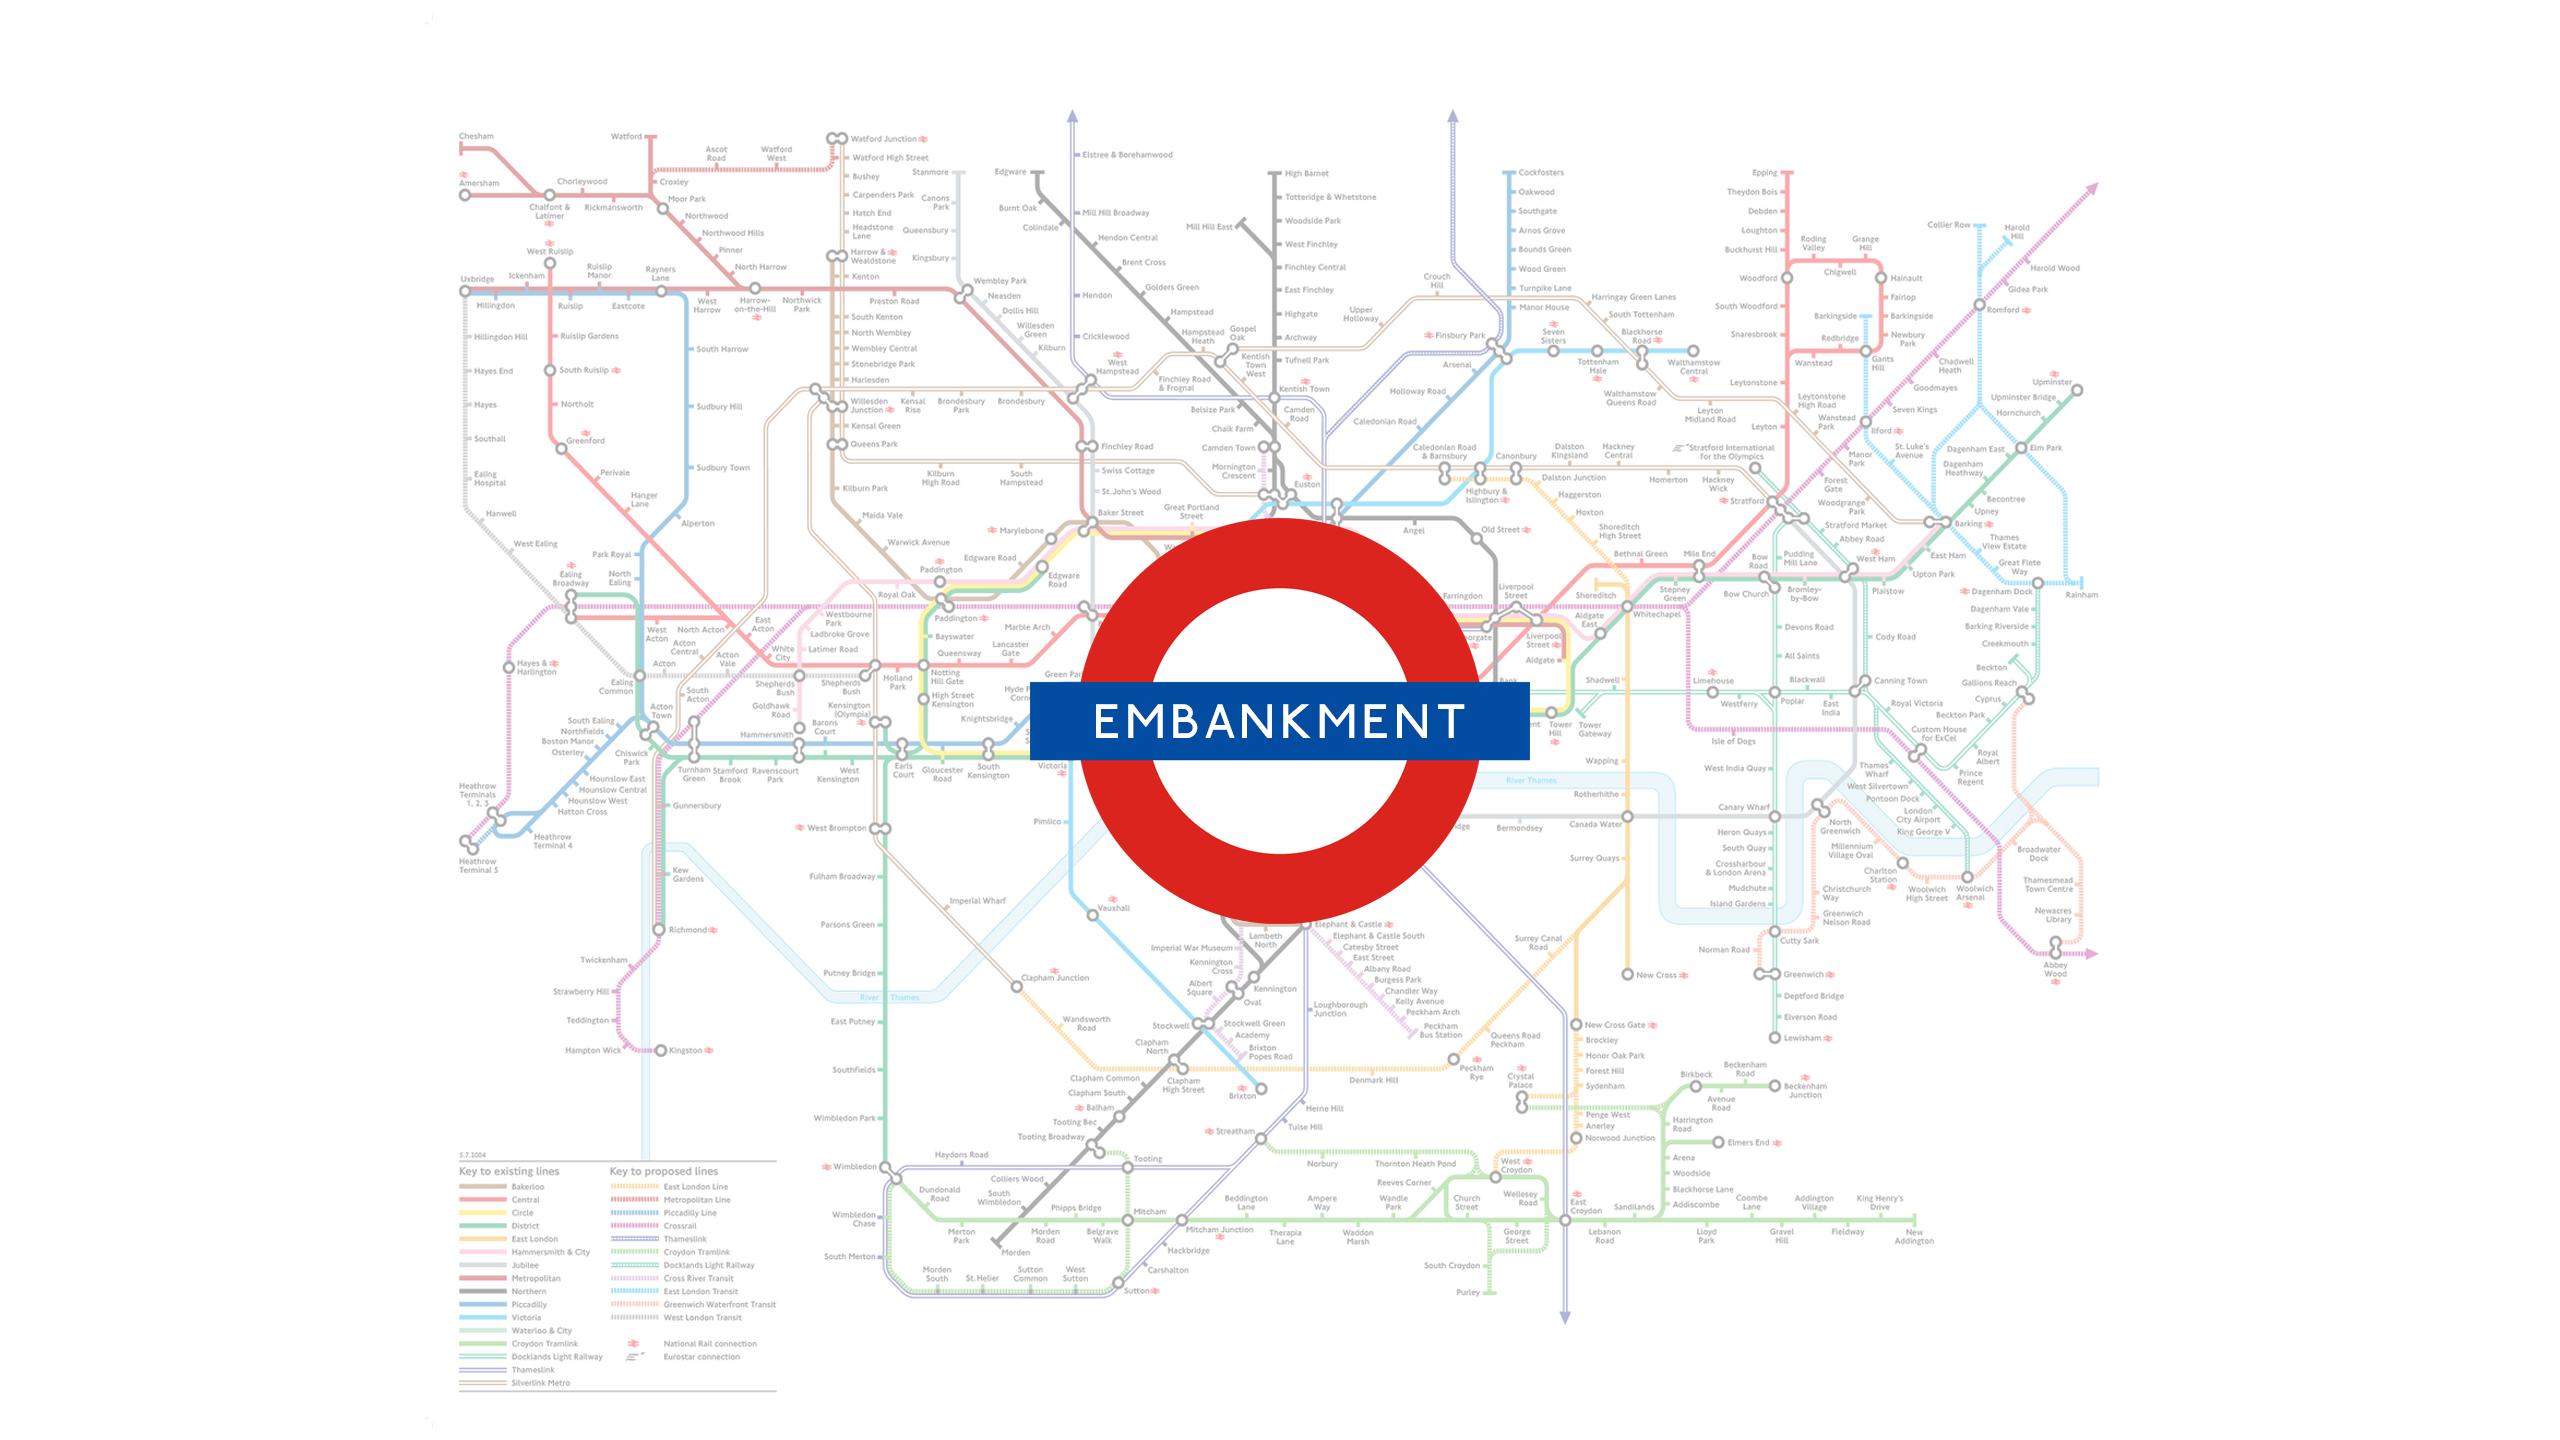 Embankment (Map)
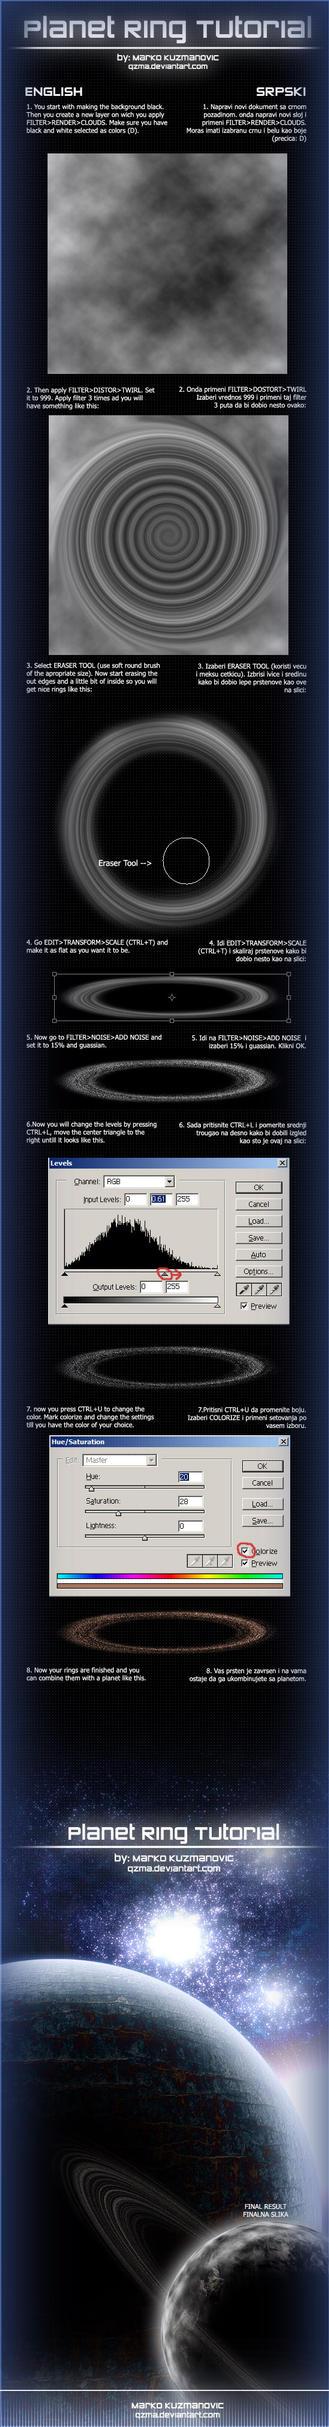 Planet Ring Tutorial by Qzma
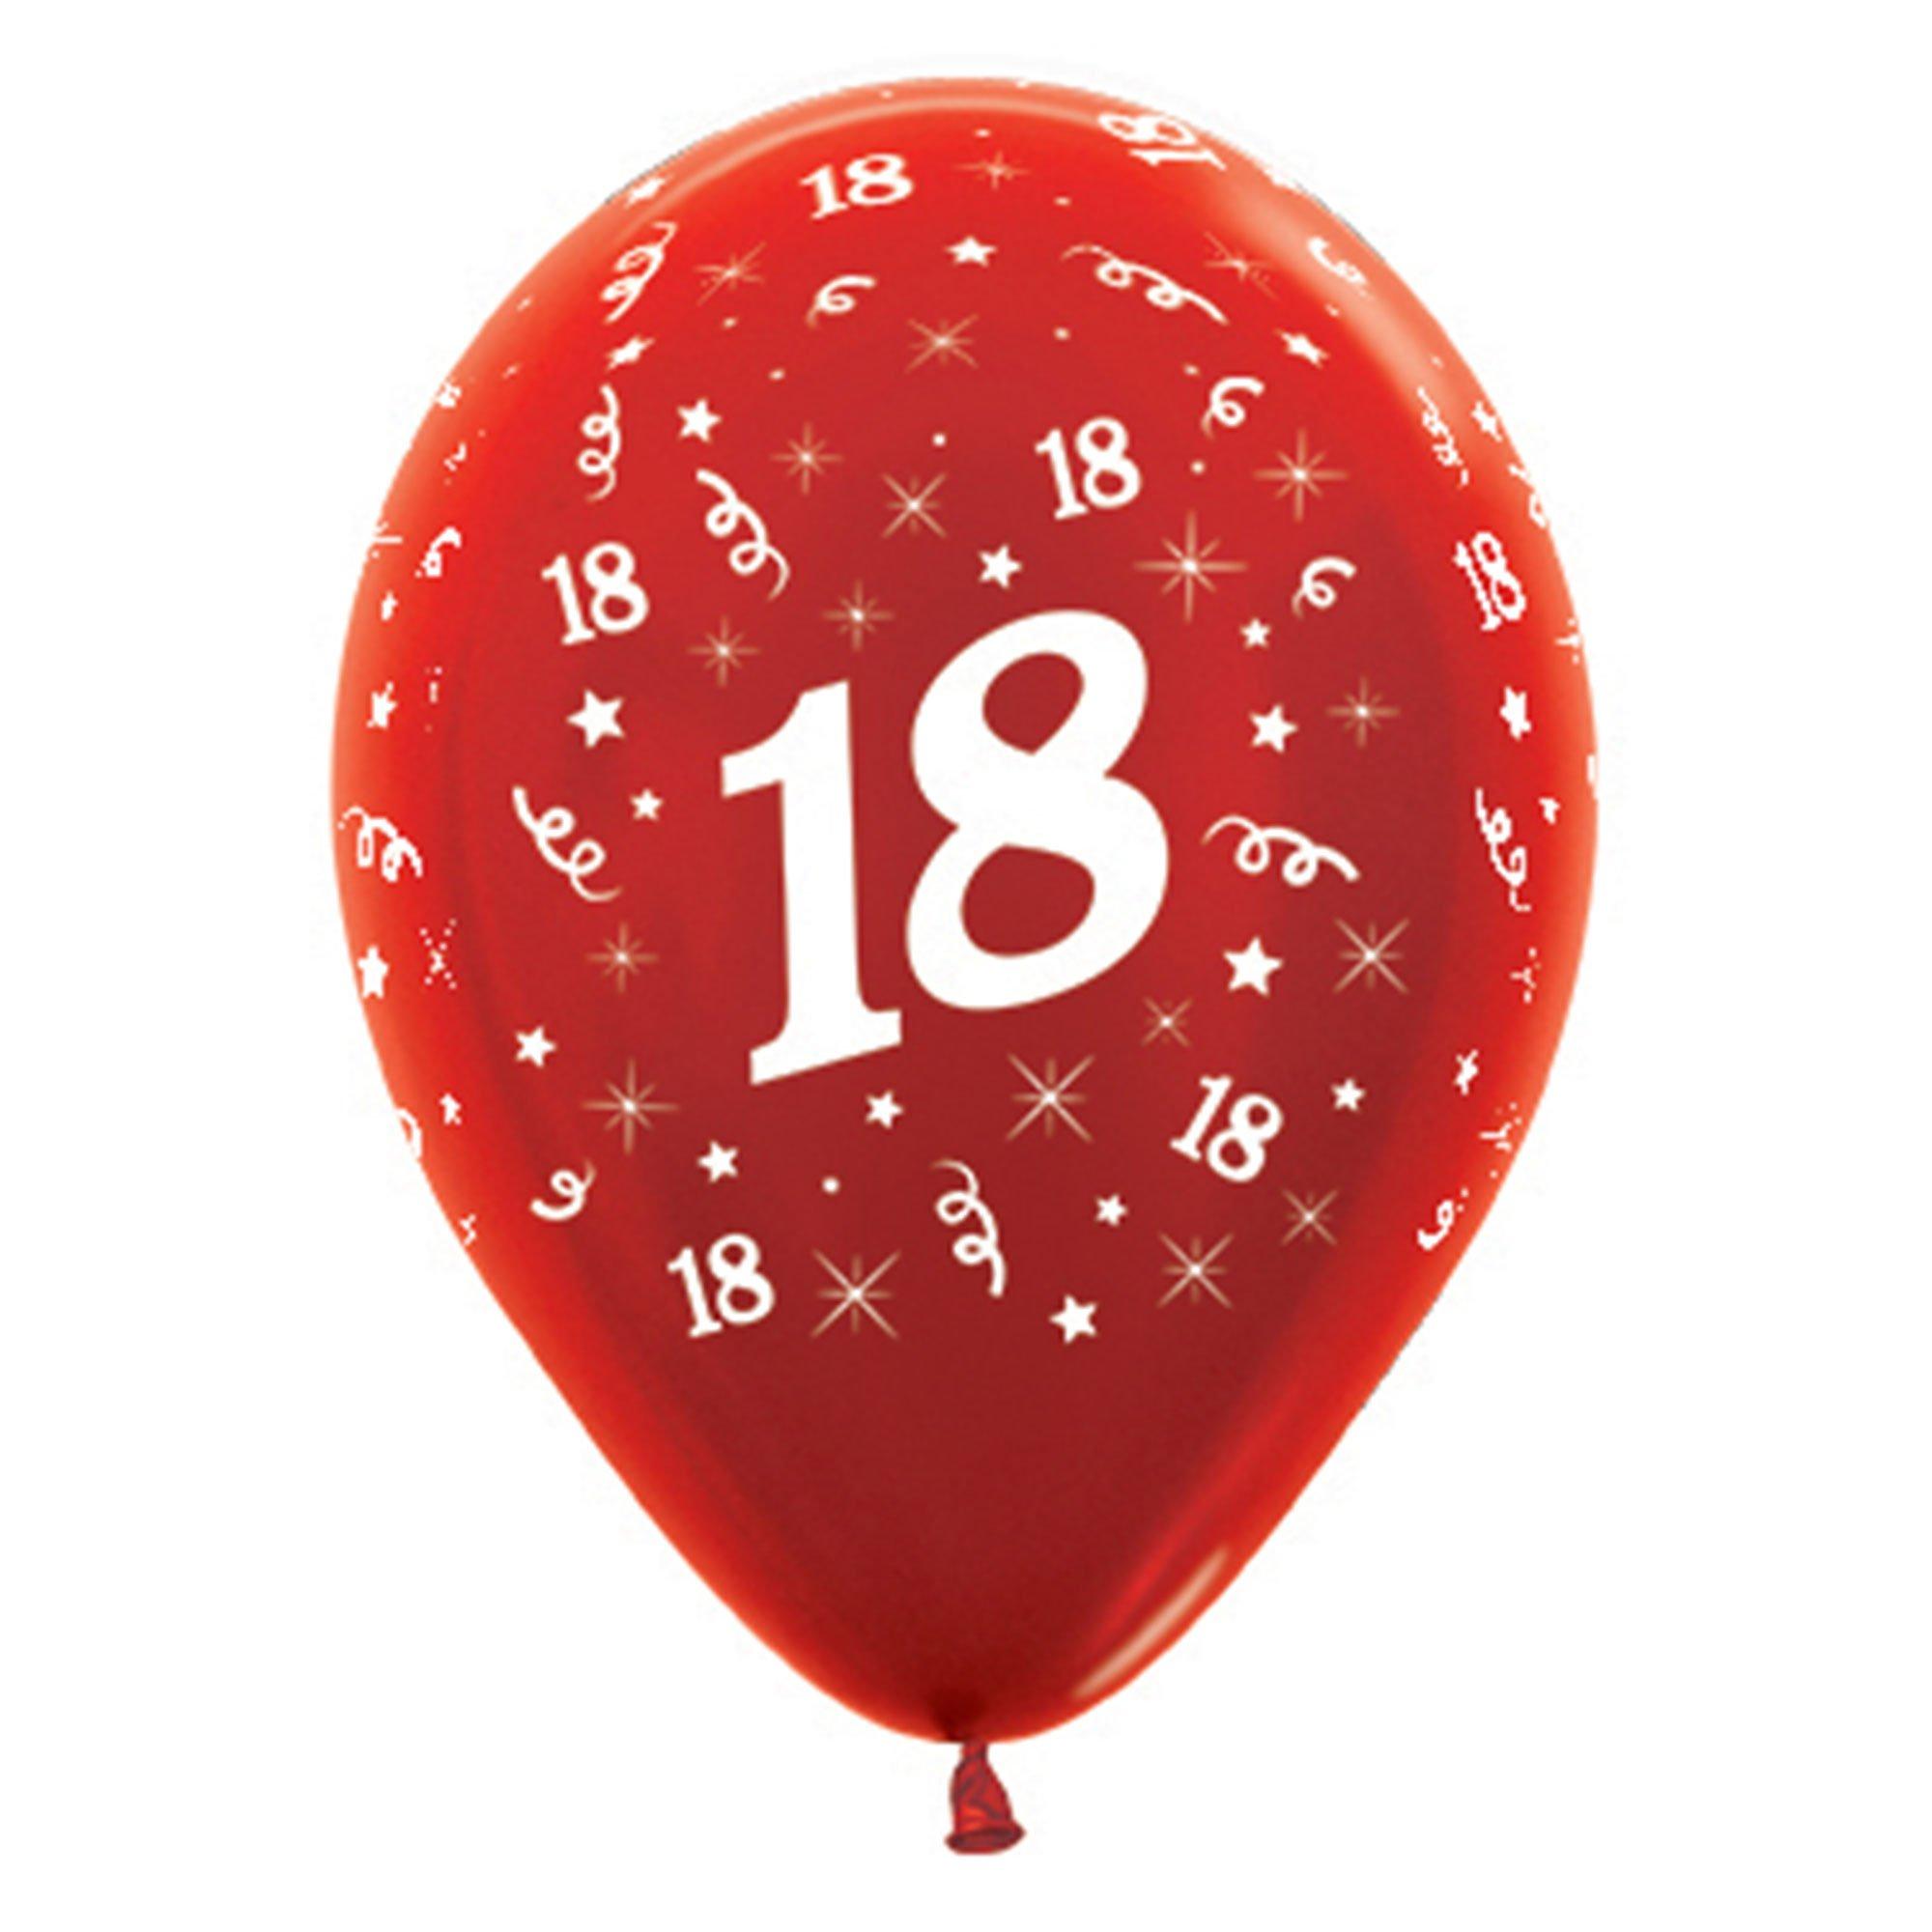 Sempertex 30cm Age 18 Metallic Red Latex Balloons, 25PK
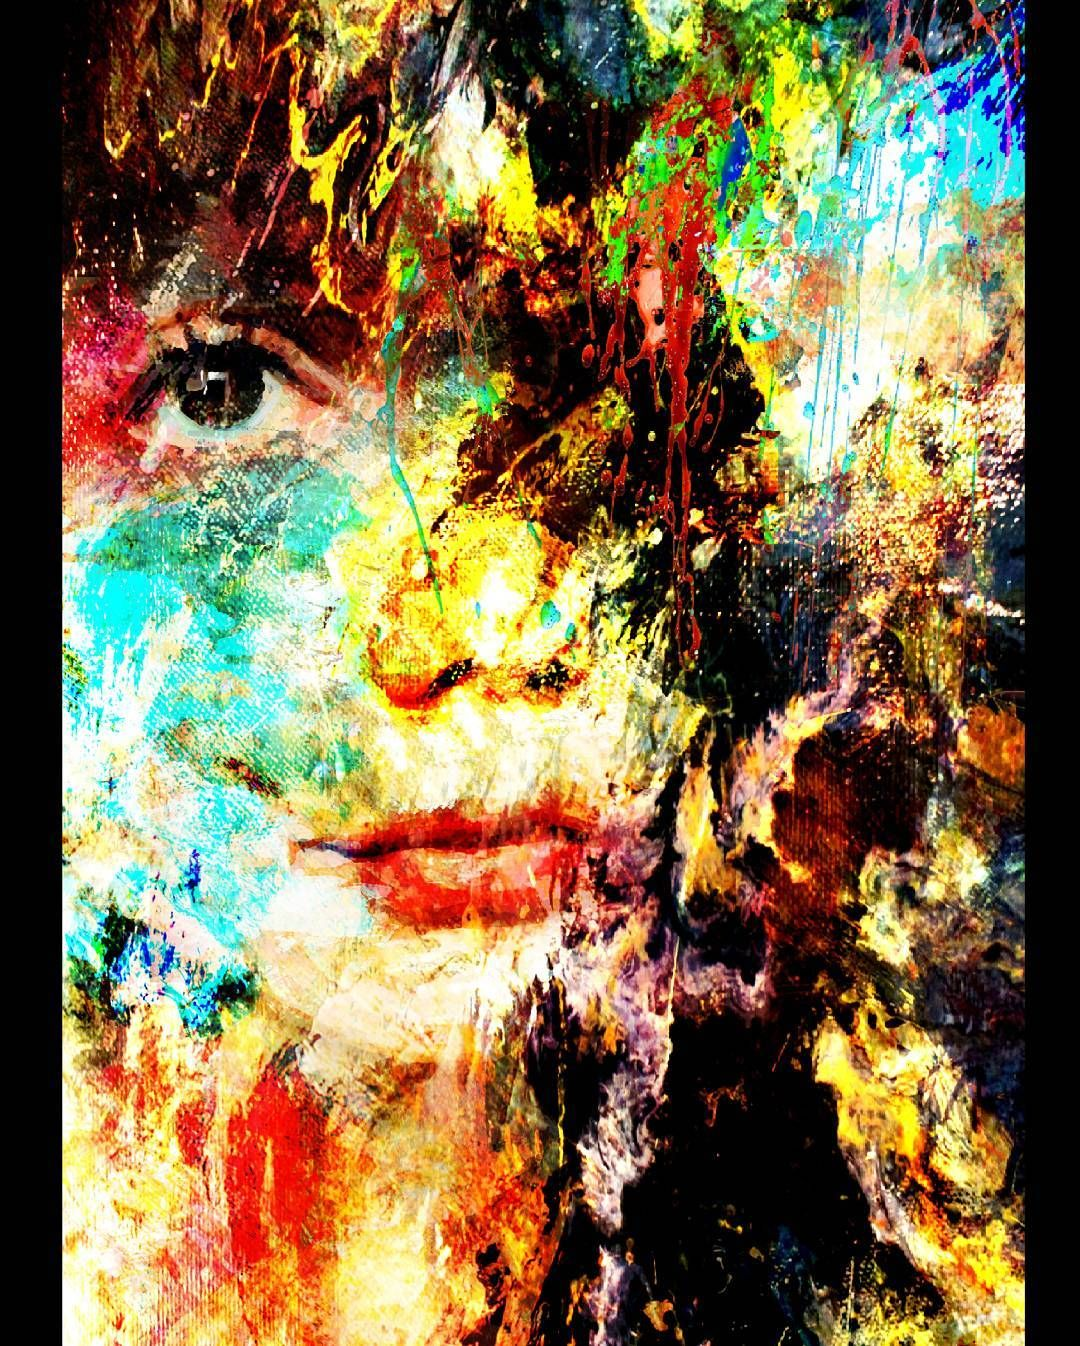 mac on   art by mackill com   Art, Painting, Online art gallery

____

The whole listing above must be returned exactly as written, with no pictures carried over.

 Embankment (Map)
 Planet Ring Tutorial by Qzma
 Sempertex 30cm Age 18 Metallic Red Latex Balloons, 25PK
 mac on   art by mackill com   Art, Painting, Online art gallery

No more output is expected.